In a special issue on “Conflict, violence and health” earlier this year, Social Science and Medicine published an editorial on trauma-focused versus psychosocial perspectives in humanitarian aid that Ken Miller and I wrote (see my blog post from June 29th, 2010 for related material). This week the second October 2010 issue of the same journal includes a critique of our editorial from the accomplished refugee trauma researcher Frank Neuner and our response to this critique. Lest you think that publishing a second October issue in mid-September is the sign of general silliness, let me inform you that (1) the virtual world resides somewhere in the future, and (2) Social Science and Medicine consistently publishes high-quality health research and — notably — debates (like ours) in subfields that could use a healthy does of academic energy.

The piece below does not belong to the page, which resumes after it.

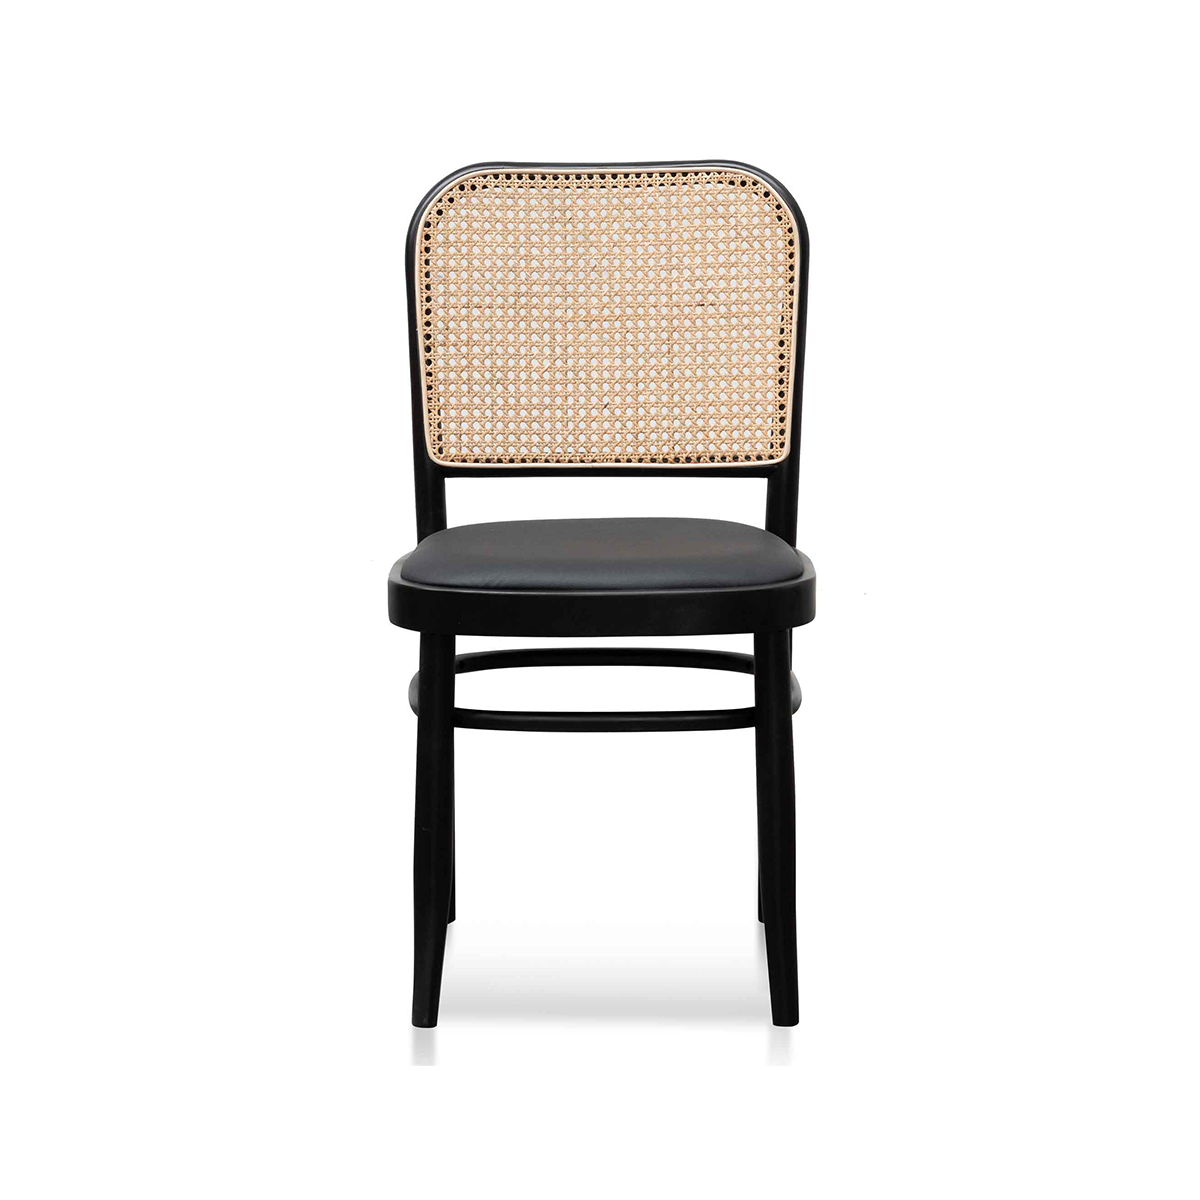 FondHouse Zomo Black Cushion Dining Chair - Natural Rattan

Our debate primarily concerns how best to provide “psychosocial” and “trauma-related” mental health services to displaced populations (i.e., refugees). The three articles are a somewhat academic read (all of us are, after all, academics), but I would not say that the topic is purely academic. Psychosocial aid and trauma interventions are hot topics in humanitarian aid, and agencies’ perspectives on these issues has direct relevance for the design of programs in the field.
I won’t repeat the detailed back-and-forth here, as you can read the articles yourselves (if you have trouble accessing the links above please let me know). I do, however, want to highlight one important point of agreement. Even though we reiterate this point in our response, I think Neuner says it better in his critique of the editorial:
Reducing hardship and daily stress is without a doubt a key objective of humanitarian assistance. No one would disagree that increasing security in refugee camps, improving child protection and medical care, reducing violence and poverty, increasing awareness of gender issues, and reducing discrimination should be high priority goals that deserve much attention by humanitarian agencies. The respective programs should clearly state their goals and be evaluated according to their specific aims. However, it is premature to claim that such programs heal psychological disorders or foster mental health. The increasing tendency to justify widespread programs on the basis of mental health is worrisome and seems to reflect the tendency to comply with donors’ fashions. Why must a program that aims at reducing discrimination of former child soldiers also improve mental health? Reducing discrimination, just like improving development and reducing violence is a worthy objective on its own right.
The increasing tendency to judge interventions in refugee camps — even interventions with the label “psychosocial” — solely by examining rates of psychiatric diagnoses pre- and post-intervention is indeed a problem. Having participated in such evaluations, I can attest that apart from the considerable cross-cultural assessment issues and challenging diagnostic environment, these efforts leave me with the sinking feeling that many in humanitarian aid have succumbed to the temptation of scientific — or perhaps better put, “scientistic” — validation. In other words, evaluations that were specific to specific programs (e.g., measuring change in social and economic indicators in order to judge child soldier reintegration programs) became mental health evaluations (measuring reductions in anxiety in order to judge child soldier reintegration programs), thereby getting the stamp of approval of medical science. This curious turn of events has meant that many programs (at least those not directly tied to food, water, and other basic needs) are now “sold” to donors in the language of mental health, even though they may working towards some other — also worthy — objective.